Computer System Validation information

See Philadelphia, PA salary details

$10

$51

$82

How much do computer system validation jobs pay per hour?

As of Jun 24, 2026, the average hourly pay for computer system validation in Philadelphia, PA is $51.91, according to ZipRecruiter salary data. Most workers in this role earn between $39.95 and $61.59 per hour, depending on experience, location, and employer.

What are some typical challenges faced in Computer System Validation roles?

Professionals in Computer System Validation often encounter challenges such as keeping up with evolving regulatory requirements, ensuring complete and accurate documentation, and coordinating with cross-functional teams to implement validation protocols. Balancing thoroughness with project deadlines can also be demanding, as every validation step must stand up to external audits. However, these challenges provide valuable experience, strengthen project management abilities, and emphasize teamwork—key attributes that support career advancement into validation leadership or quality assurance roles.
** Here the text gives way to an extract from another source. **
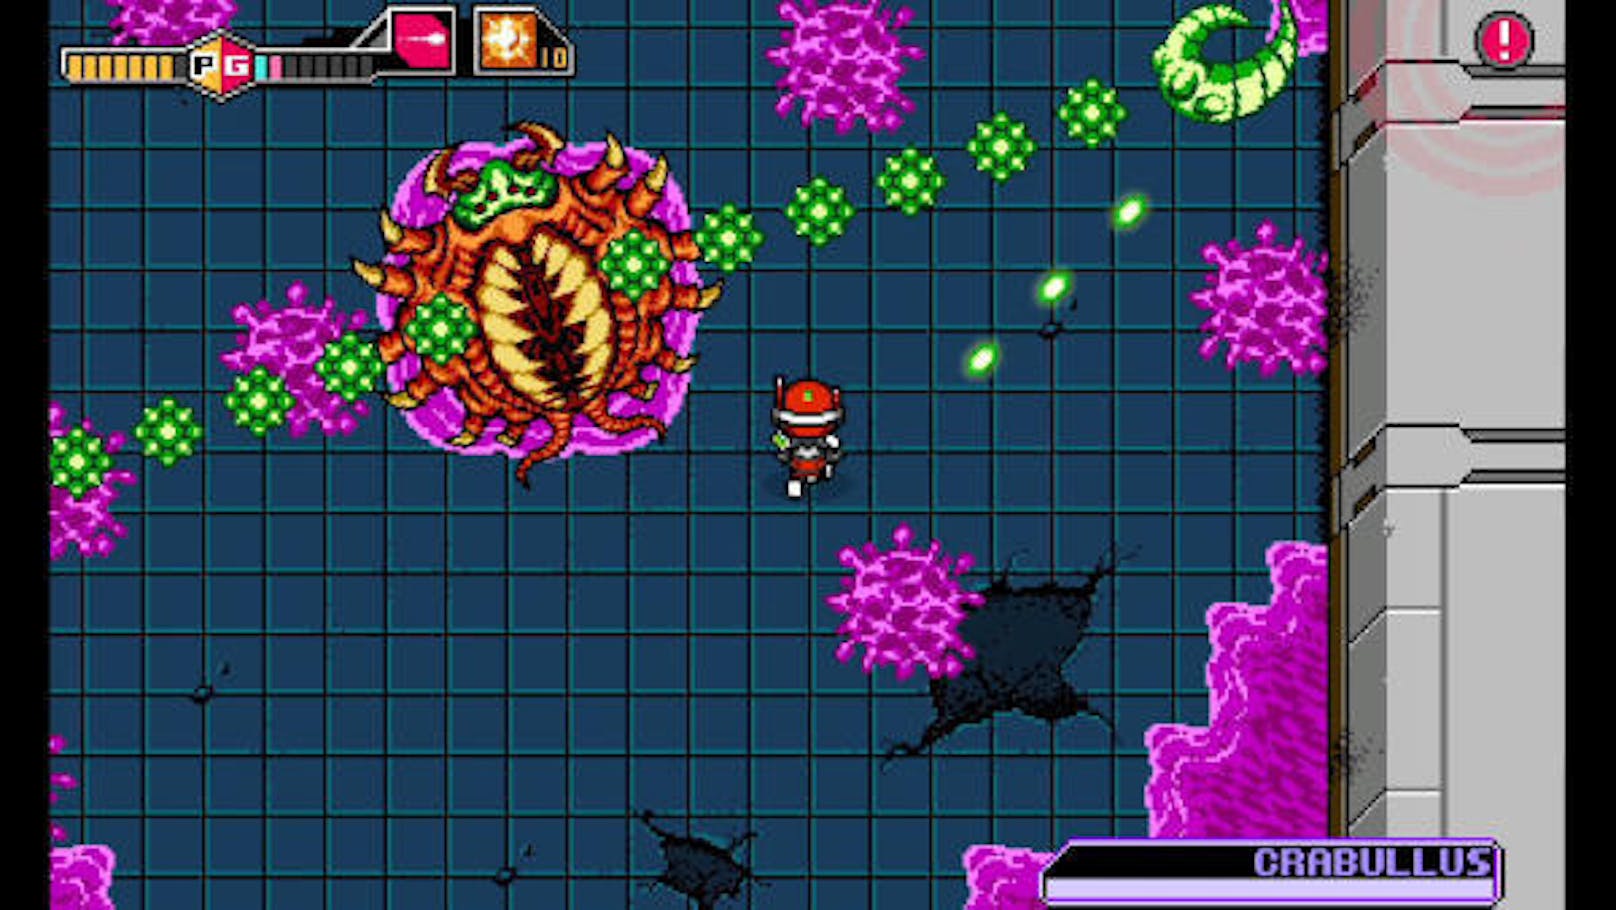 Arcade-Action, Pixelgrafik und 80er-Synthiegefiepse: Blaster Master Zero ist eine Referenz an die Game-Kinderstube.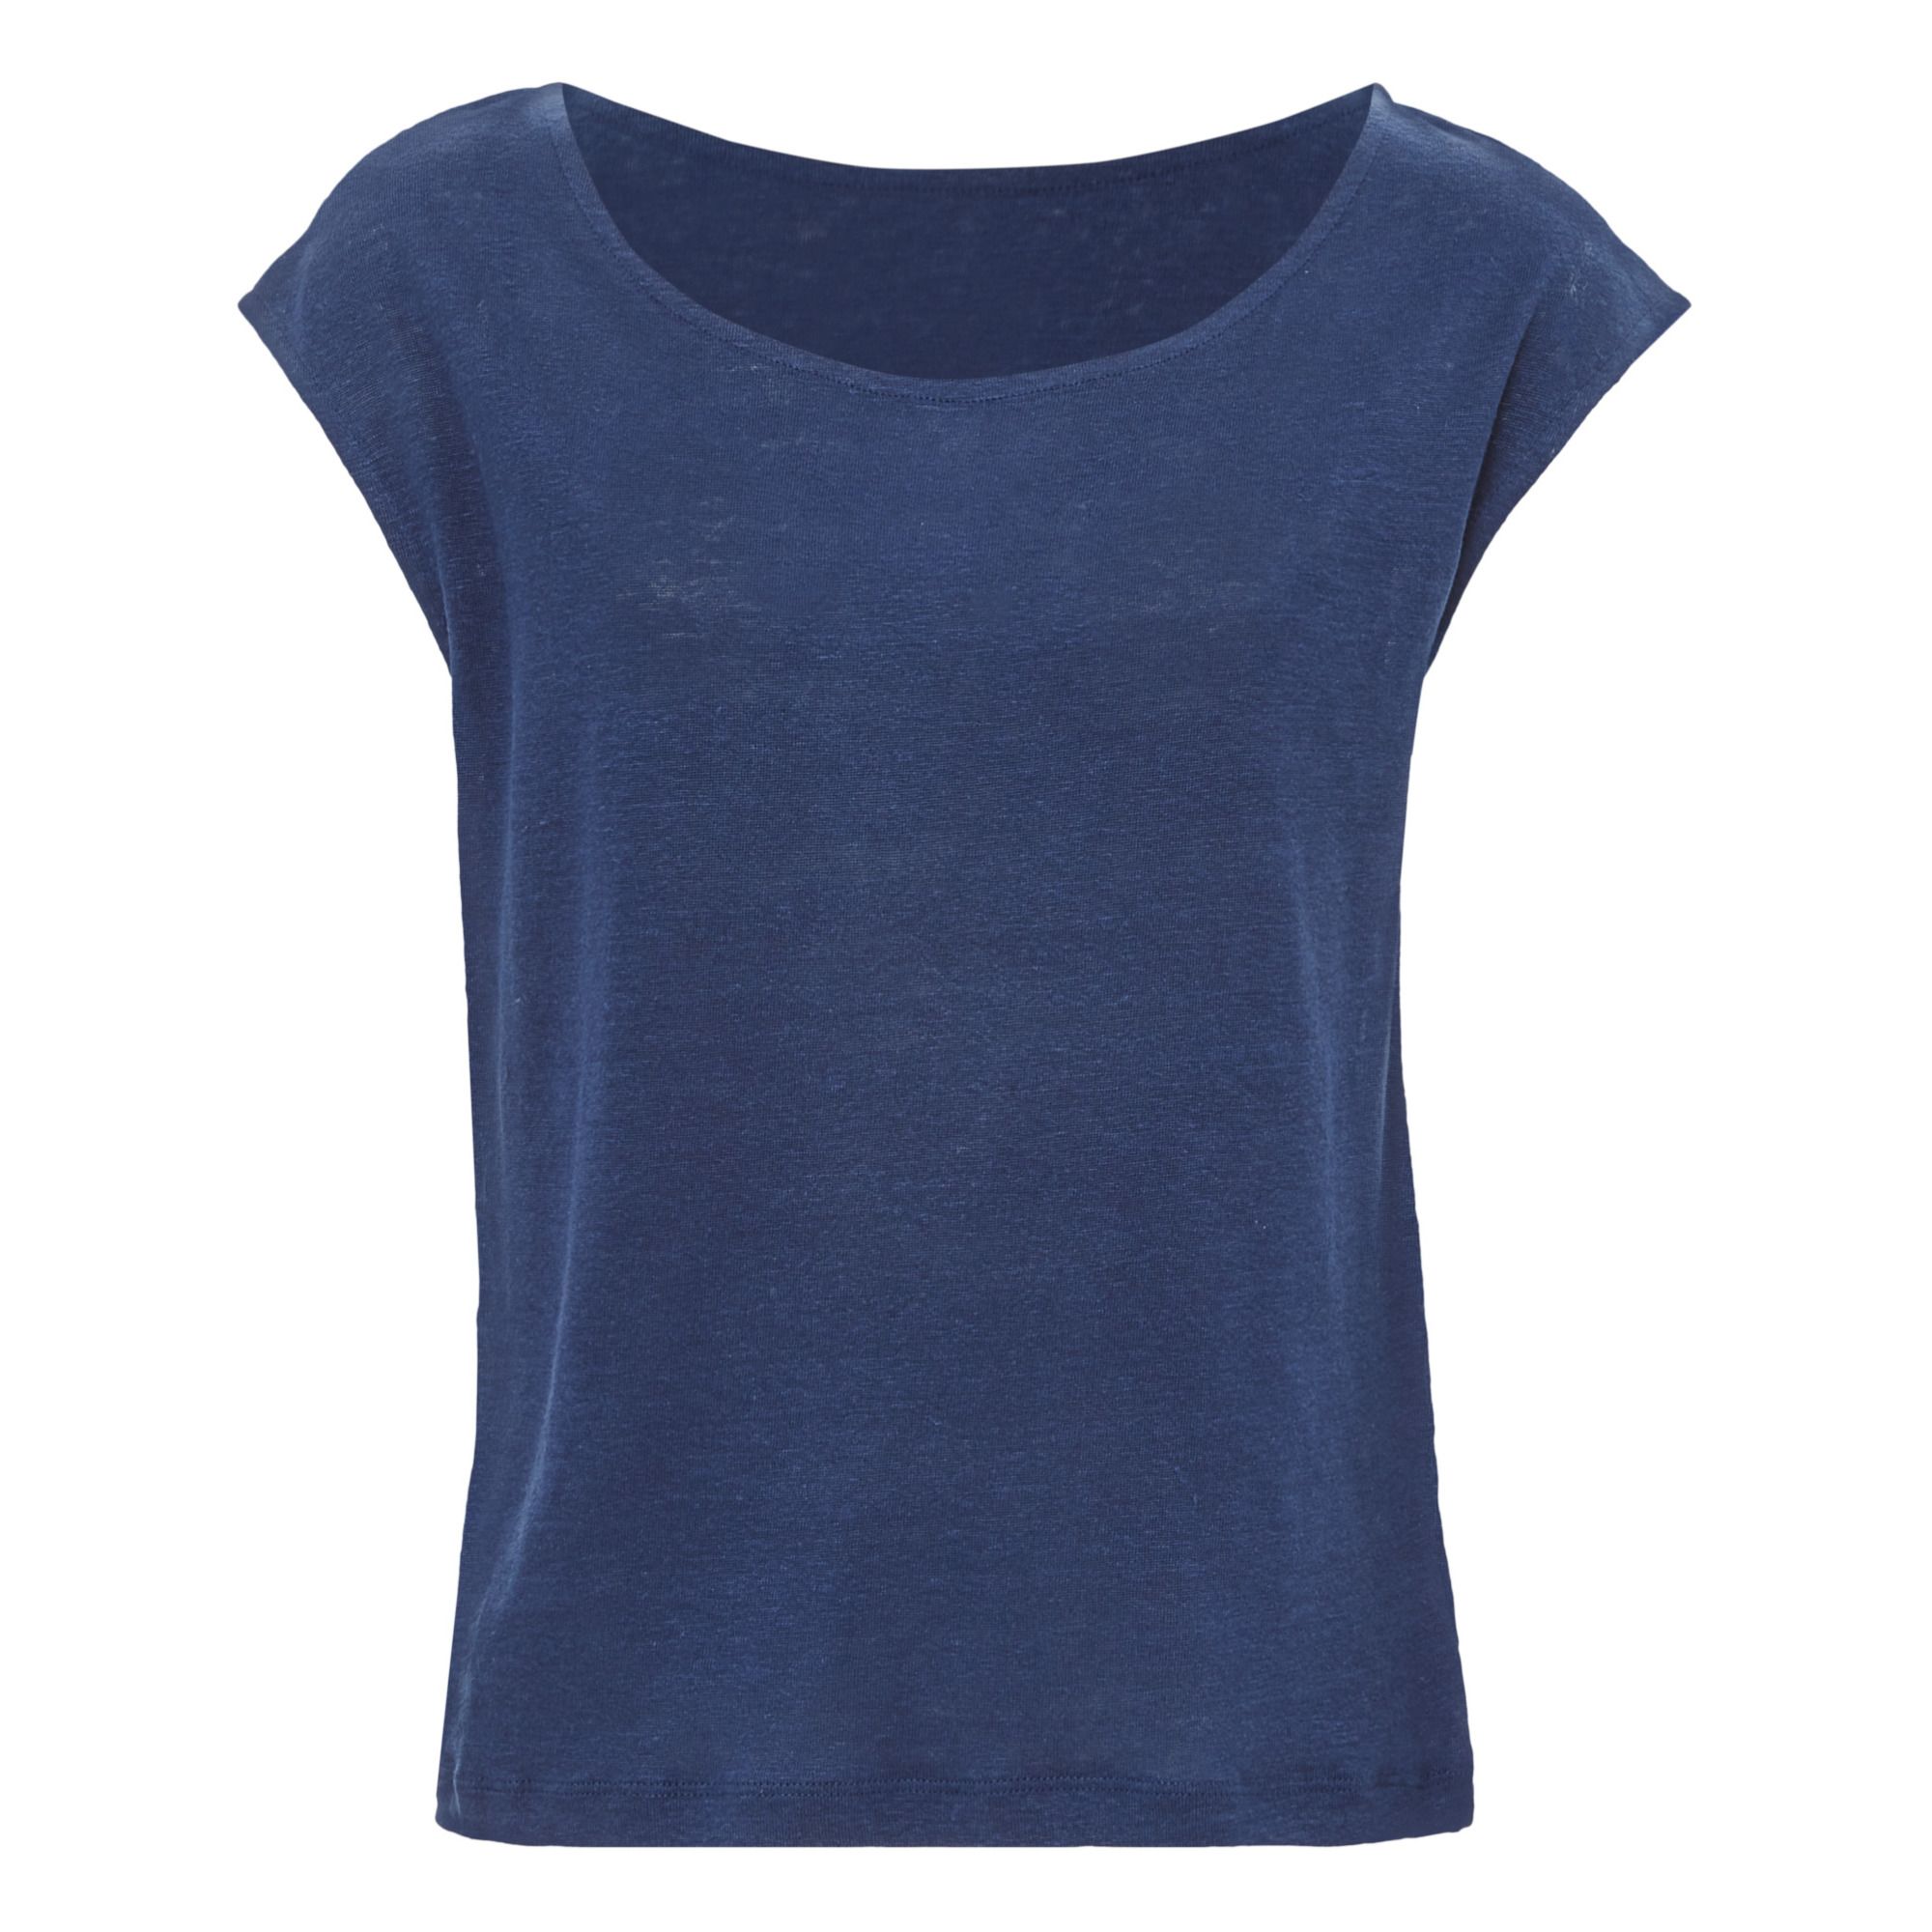 PETIT BATEAU Girl's Navy T-Shirt 71580 Sz 3 NEW $21

What is a Computer System Validation job?

A Computer System Validation (CSV) job involves ensuring that computer systems used in regulated industries, such as pharmaceuticals and medical devices, meet compliance and regulatory requirements. CSV professionals develop and execute validation protocols to confirm that software, hardware, and processes function as intended and maintain data integrity. They work with quality assurance, IT, and regulatory teams to document compliance with standards like FDA 21 CFR Part 11 and GxP. This role is critical in maintaining system reliability, product quality, and patient safety.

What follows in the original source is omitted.